When does IR35 not apply?

It is worth noting that at present (this may change) IR35 does not apply to “small” companies, defined as companies to which two out of the following three criteria apply: the annual turnover is not more than £10.2 million; the company’s balance sheet total is not more than £5.1 million; the company has no more than 50 employees.  The turnover of parent companies, those based within and outside of the UK can be taken into account depending on circumstances – appropriate tax advice on the group structure should always be sought.

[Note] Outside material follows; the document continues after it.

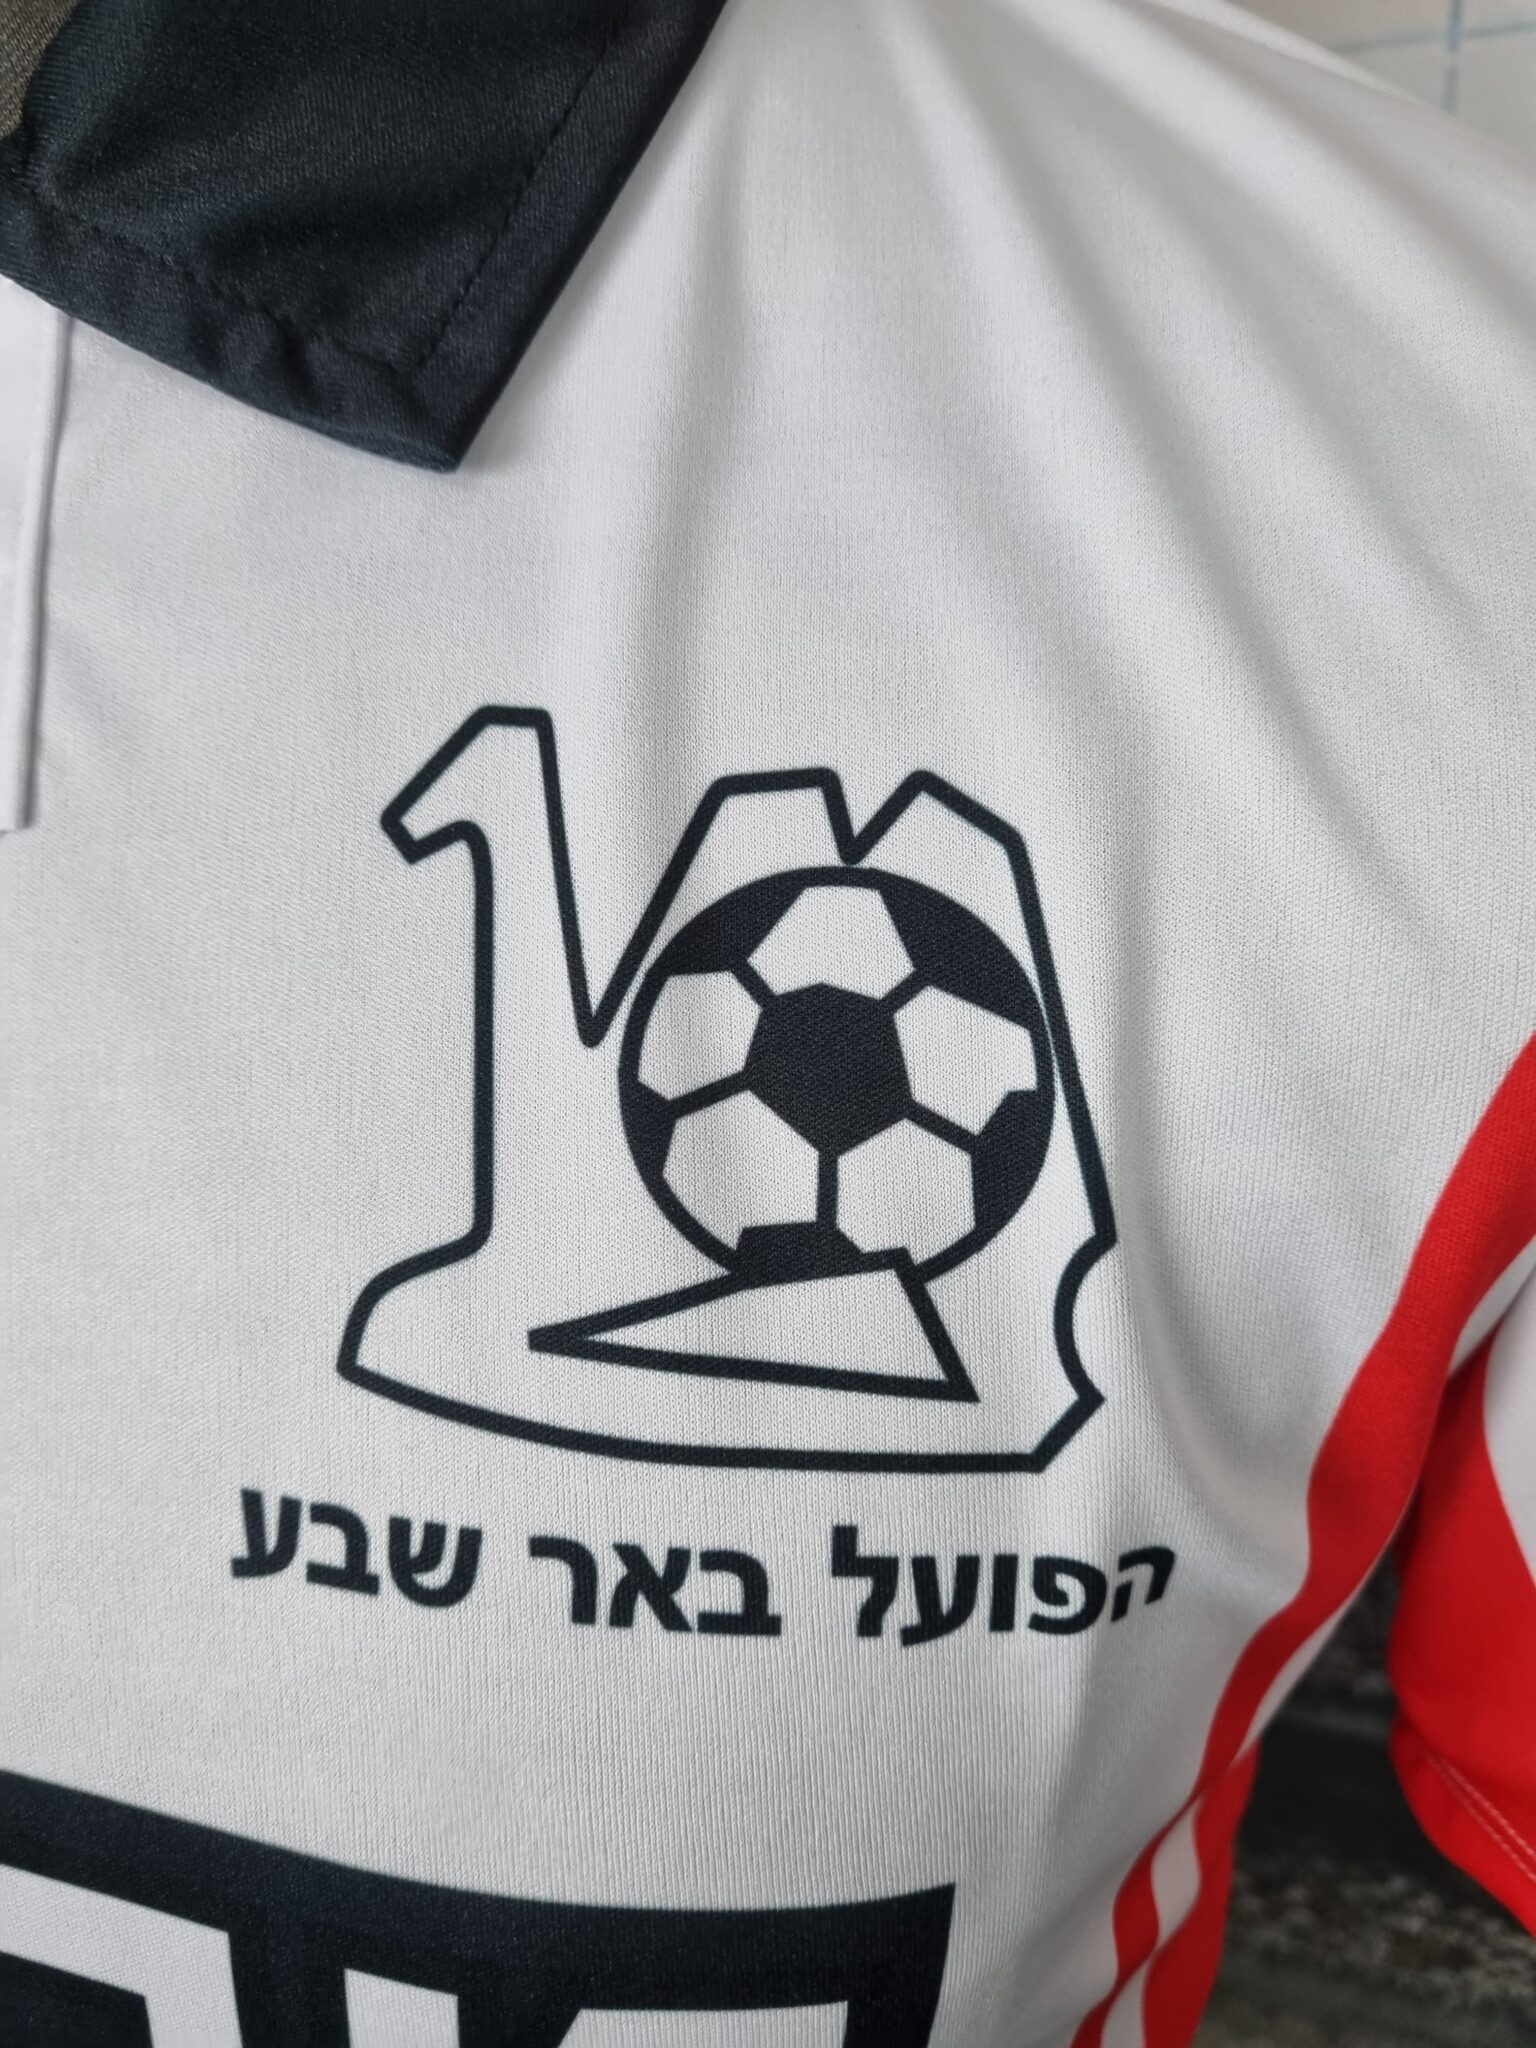 Hapoel Beer-Sheva Shirt Vintage Retro 1994/1995 Jersey Israel Football #9 Serhiy Husyev - Sport Club Memories

In the case of small companies (as defined by HMRC) the obligation to determine tax status still rests with the intermediary.  That however does not get the end user company entirely “off the hook”.  There will still be employment rights and potential tax risks associated with any ruling by HMRC that an individual does have employment status notwithstanding the arrangement.  It is therefore worth status checking all contractors irrespective of company size to ensure compliance.

Equally IR35 does not apply if the individual contractor is not liable to UK tax. However, it will apply if the individual is subject to UK tax even if the PSC is based overseas.

Bottom line – unless you are absolutely satisfied that IR35 does not apply, assume that you should be complying to avoid the risk of penalties and reputational damage.